1. Well, based on Karpathy's talks on Tesla FSD, his solution is to actually make the training set reflect everything you'd see in reality. The tricky part is that if something occurs 0.0000001% IRL and something else occurs 50% of the time, they both need to make 5% of the training corpus. The thing with multimodal LLMs is that lidar/depth input can just be another input that gets encoded along with everything else, so for driving "there's a blob I don't quite recognize" is still a blob you have to drive around.

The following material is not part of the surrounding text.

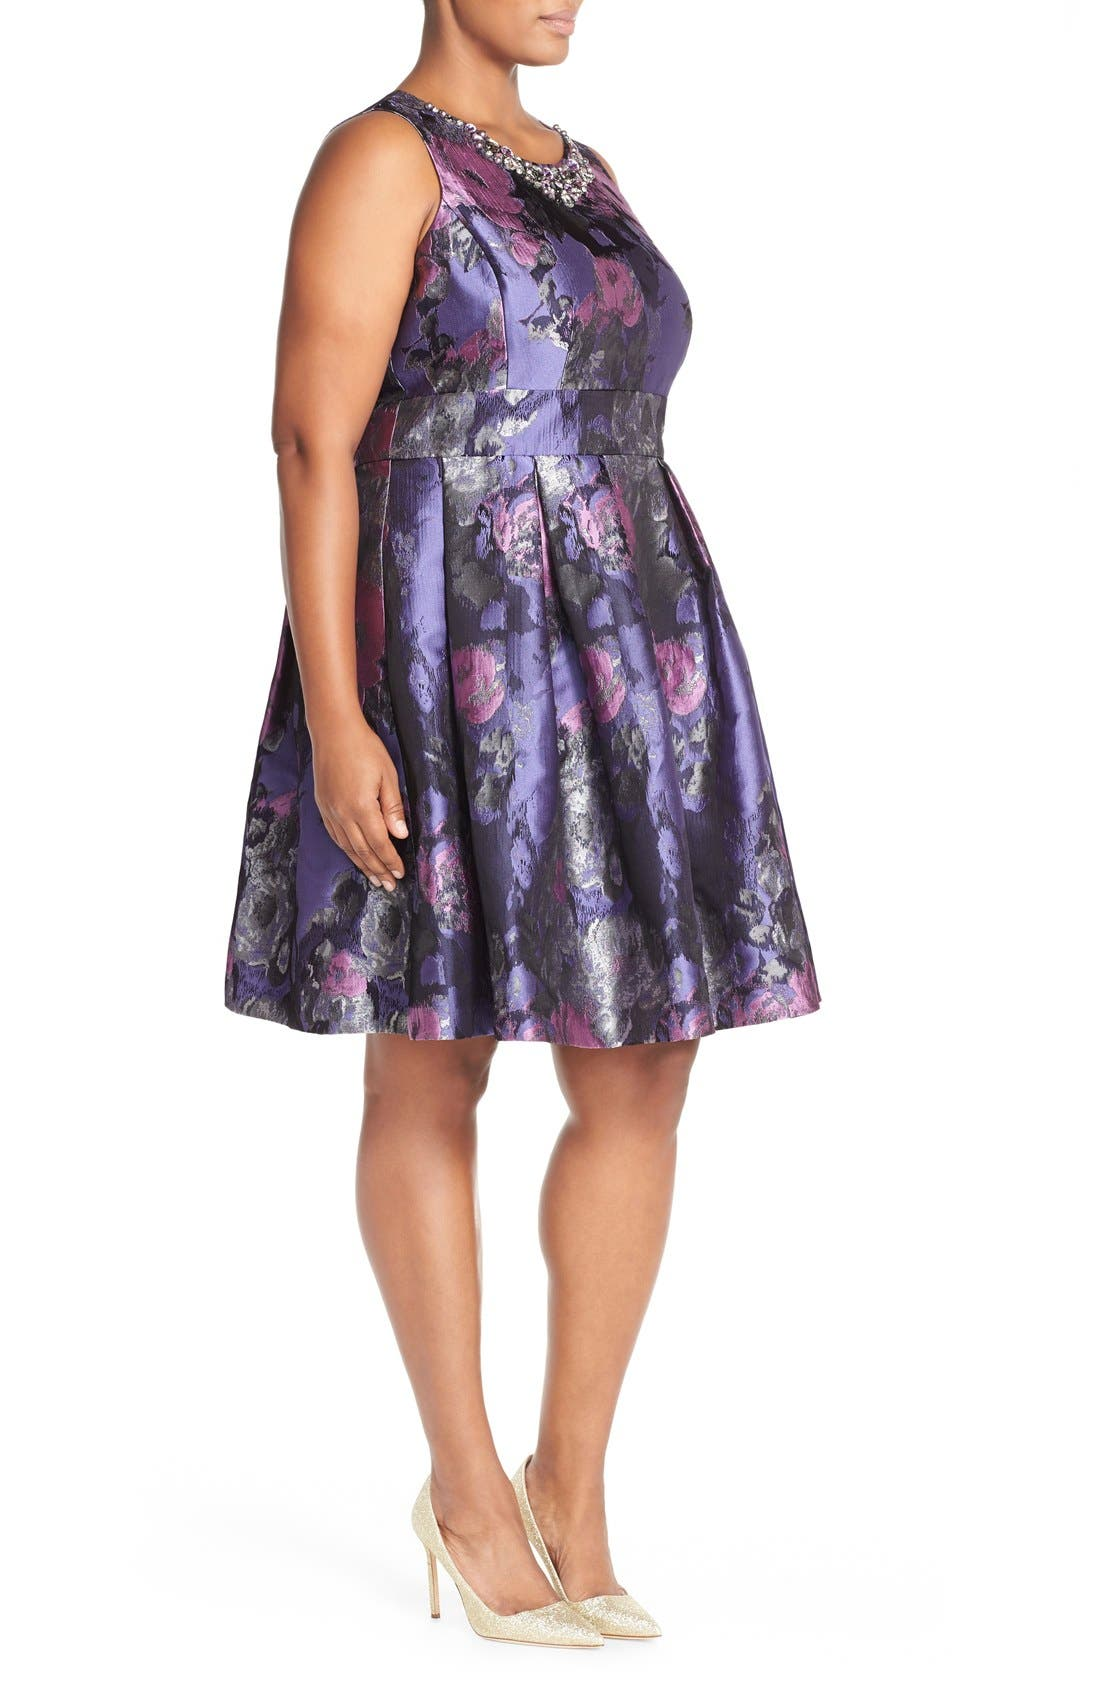 ELIZA J, Embellished Neck Metallic Jacquard Fit & Flare Dress, Alternate thumbnail 4, color, 523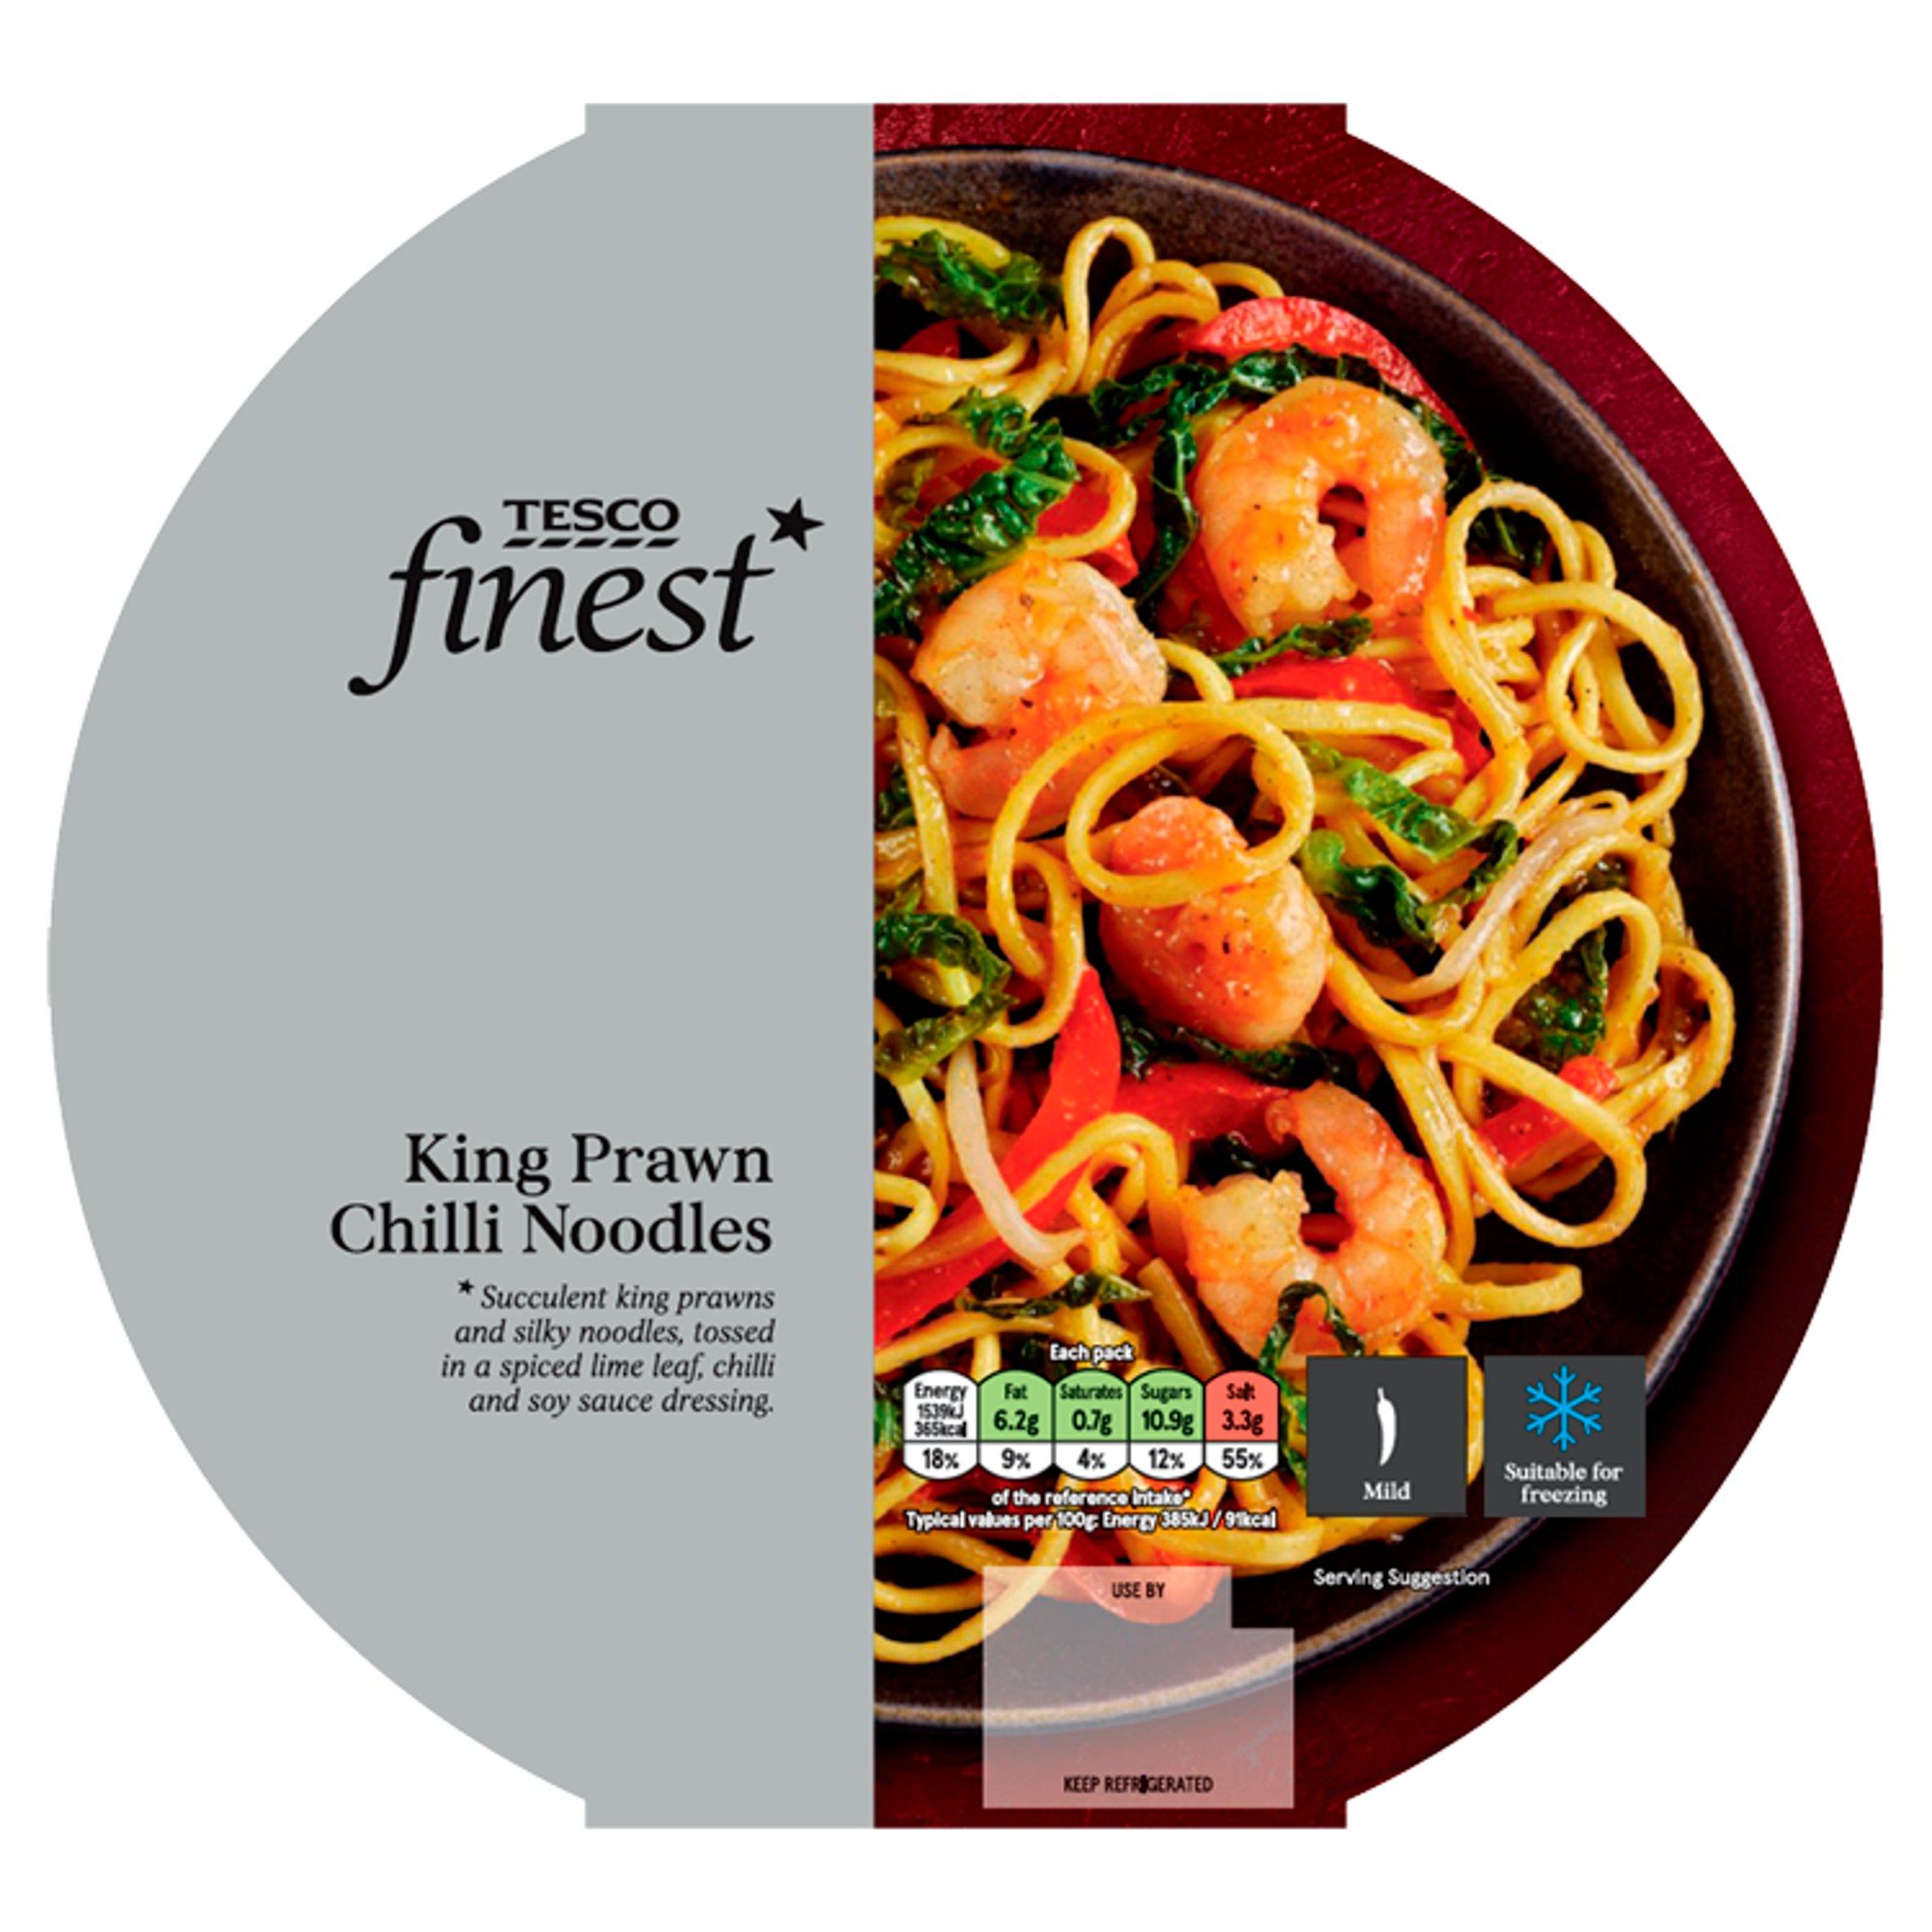 Tesco Finest King Prawn Chilli Noodles 400G

2. Figure has a dual-model architecture which makes a lot of sense: A 7B model that does higher-level planning and control and a runs at 8Hz, and a tiny 0.08B model that runs at 200Hz and does the minute control outputs. https://www.figure.ai/news/helix

generalizations 1 day ago

I will be surprised if VLAs stick around, based on your description. That sounds far too low-level. Better hand that off to the 'nervous system' / kernel of the robot - it's not like humans explicitly think about the rotation of their hip & ankle when they walk. Sounds like a bad abstraction.

MidoriGlow 5 hours ago

Elon Musk said in last week’s Starship Update: the very first Mars missions are planned to be flown by Optimus humanoid robots to scout and build basic infrastructure before humans arrive (full transcript + audio: https://transpocket.com/share/oUKhep6cUl3s/). If Gemini Robotics On-Device can truly adapt to new tasks with ~50–100 demos, pairing that with mass-produced Optimus bodies and Starship’s lift capacity could be powerful—offline autonomy, zero-latency control, and the ability to ship dozens of robots per launch.

lm28469 25 minutes ago

Elon Musk said in 2016 that we'd have fully autonomous cars by the end of the year and we'd be on Mars by 2018, with manned missions by 2024.

Fast forward to 2025, weeks have no self driving cars, and nothing is even close to getting to Mars, let alone manned

suninsight 1 day ago

This will not end well.

This item has no comments currently.